All South Africans over the age of 50 can take an additional or second booster shot of the Pfizer vaccine from next week, says health minister Joe Phaahla.
Addressing media on Friday (3 June), Phaahla said South Africans are encouraged to come forward in numbers, especially those living with co-morbidities like diabetes, cancer, HIV, TB or hypertension.
“It is my pleasure to announce that all people over the age 50 years can now receive an additional or second booster shot of the Pfizer vaccine with effect from Monday (7 June).
“However, in order to qualify for the additional dose, you should have received your last one, Pfizer or J&J, at least four months after the third Pfizer dose,” he said.
Phaahla added that while the number of Covid related hospitalisations are very low as compared to the last year this time, the government is worried that the majority of patients admitted to hospitals due to Covid-19 are those who are not vaccinated.
“This simply suggests that unvaccinated people remain vulnerable and if we were to be hit by another variant of concern or wave, unvaccinated people will flood our health facilities,” he said.

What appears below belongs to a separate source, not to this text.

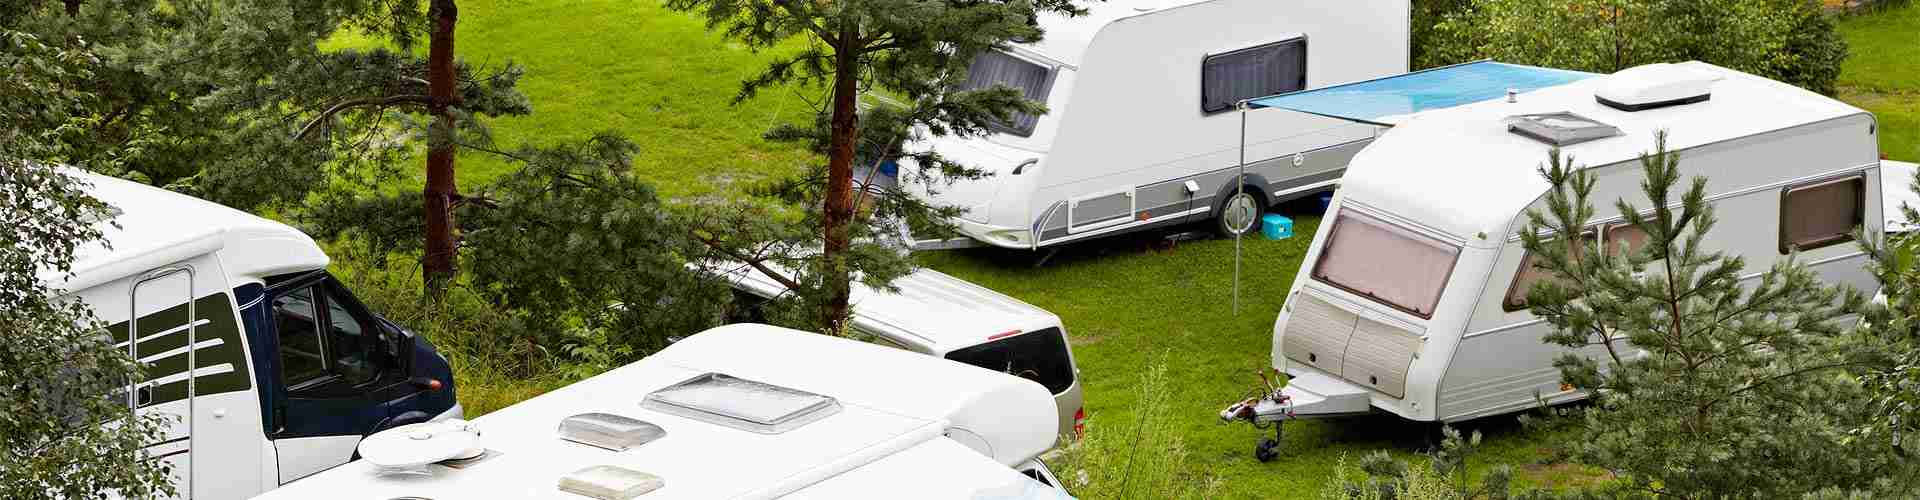 Campings y bungalows en el País Vasco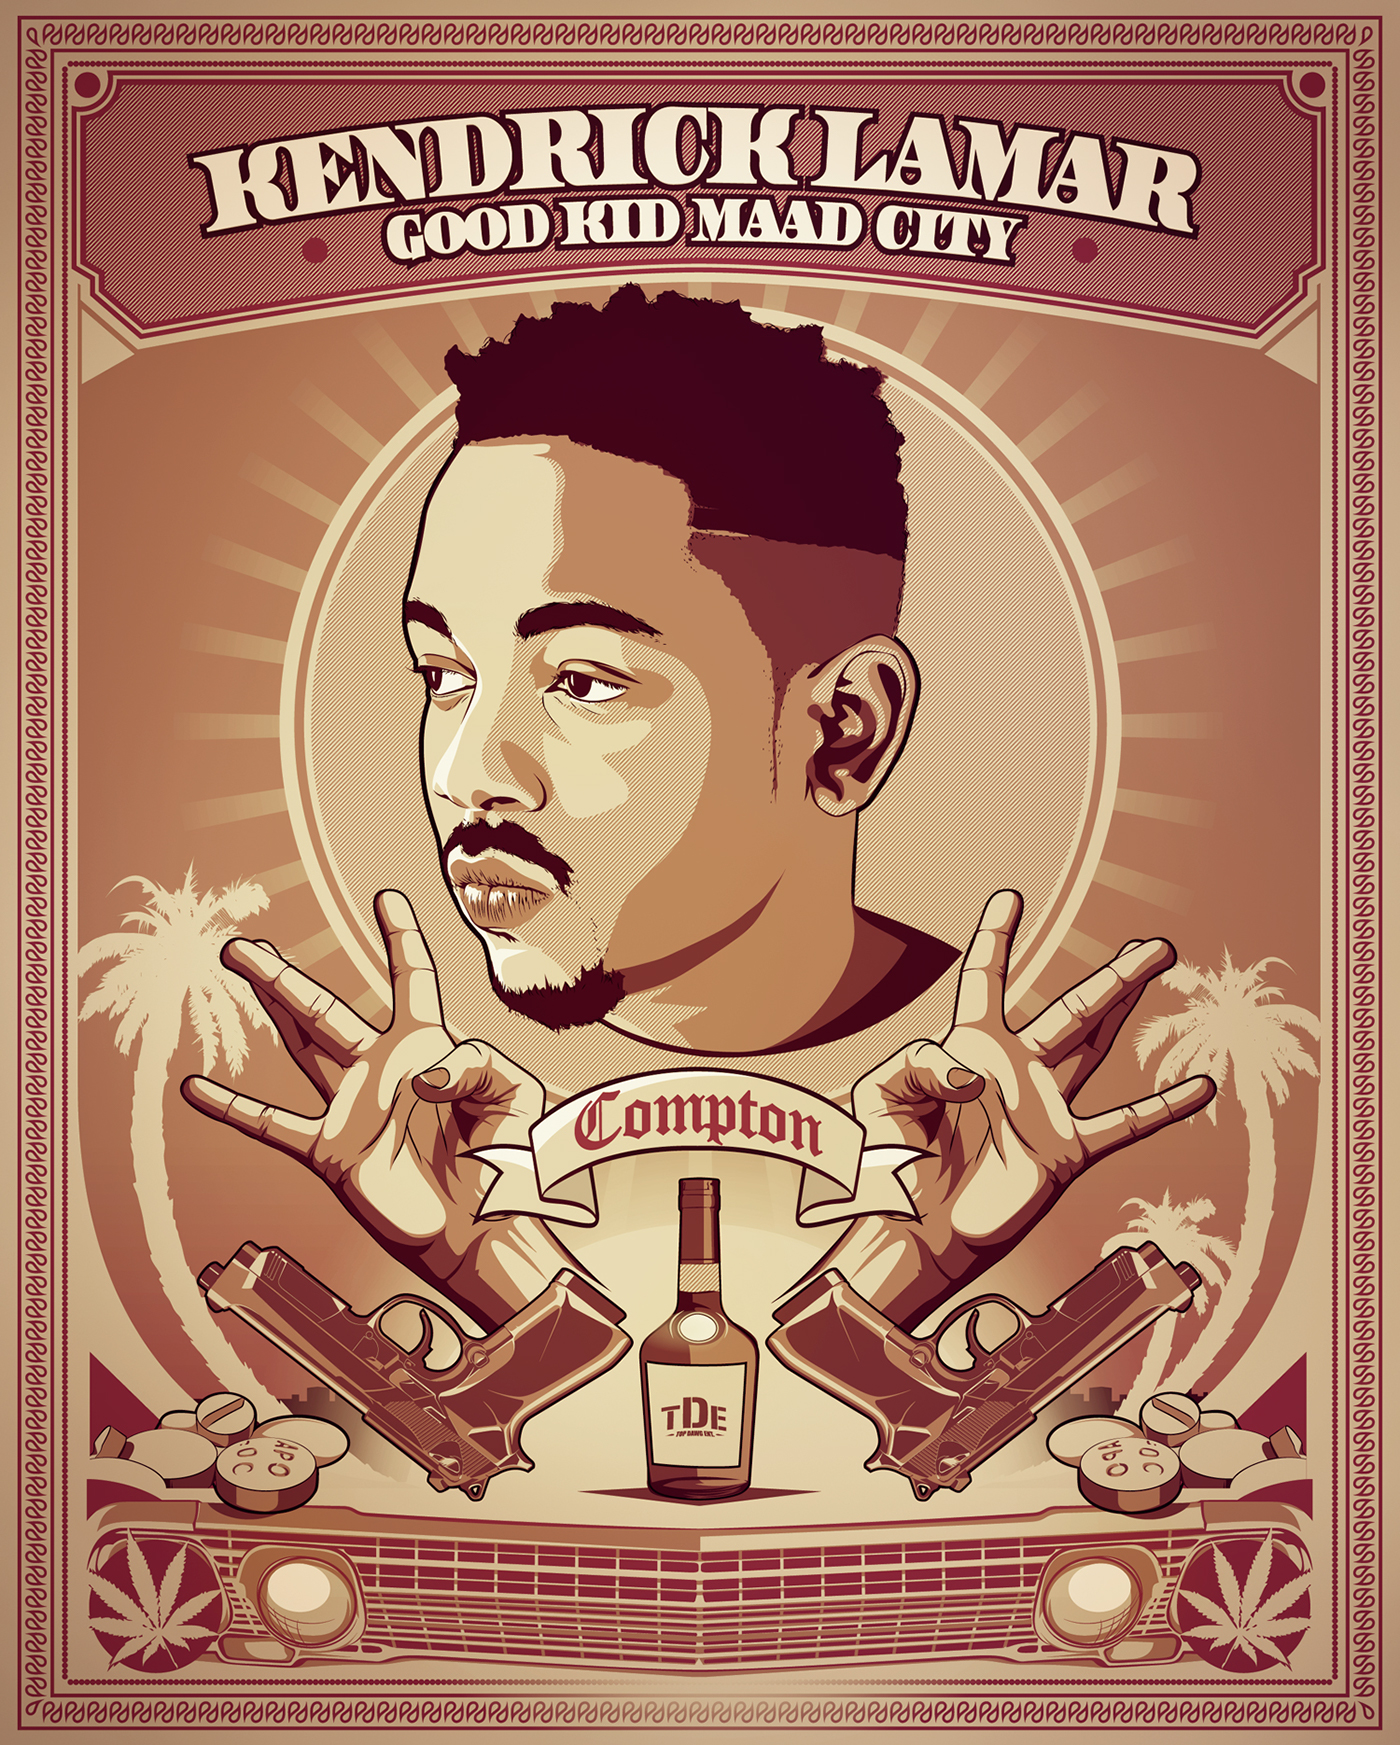 KENDRICK LAMAR - Good Kid MAAD City Poster on Behance Good Kid Maad City Artwork

“You might not think you are not at risk of severe Covid but every day we admit people, especially youth to hospitals who are very sick due to Covid and the majority of those admitted have not been vaccinated. It is clear that vaccines do protect you, no matter how old or young you are.”
Data provided by Phaahla shows:
- South Africa has administered over 36 million doses, and more than 22 million people including children have been vaccinated.
- 70% of people over the age of 60 years have received at least one dose, and 65% of adults have been vaccinated.
- More than 50% of adults in South Africa have had at least one dose of the Covid-19 vaccine
- More than 70% of people aged 60 years and above have been vaccinated.
“The lifting of the state of disaster management doesn`t mean the pandemic is over, and the less severity and transmissibility of the current COVID-19 variant of Omicron doesn’t mean we are now safe from the virus,” he said.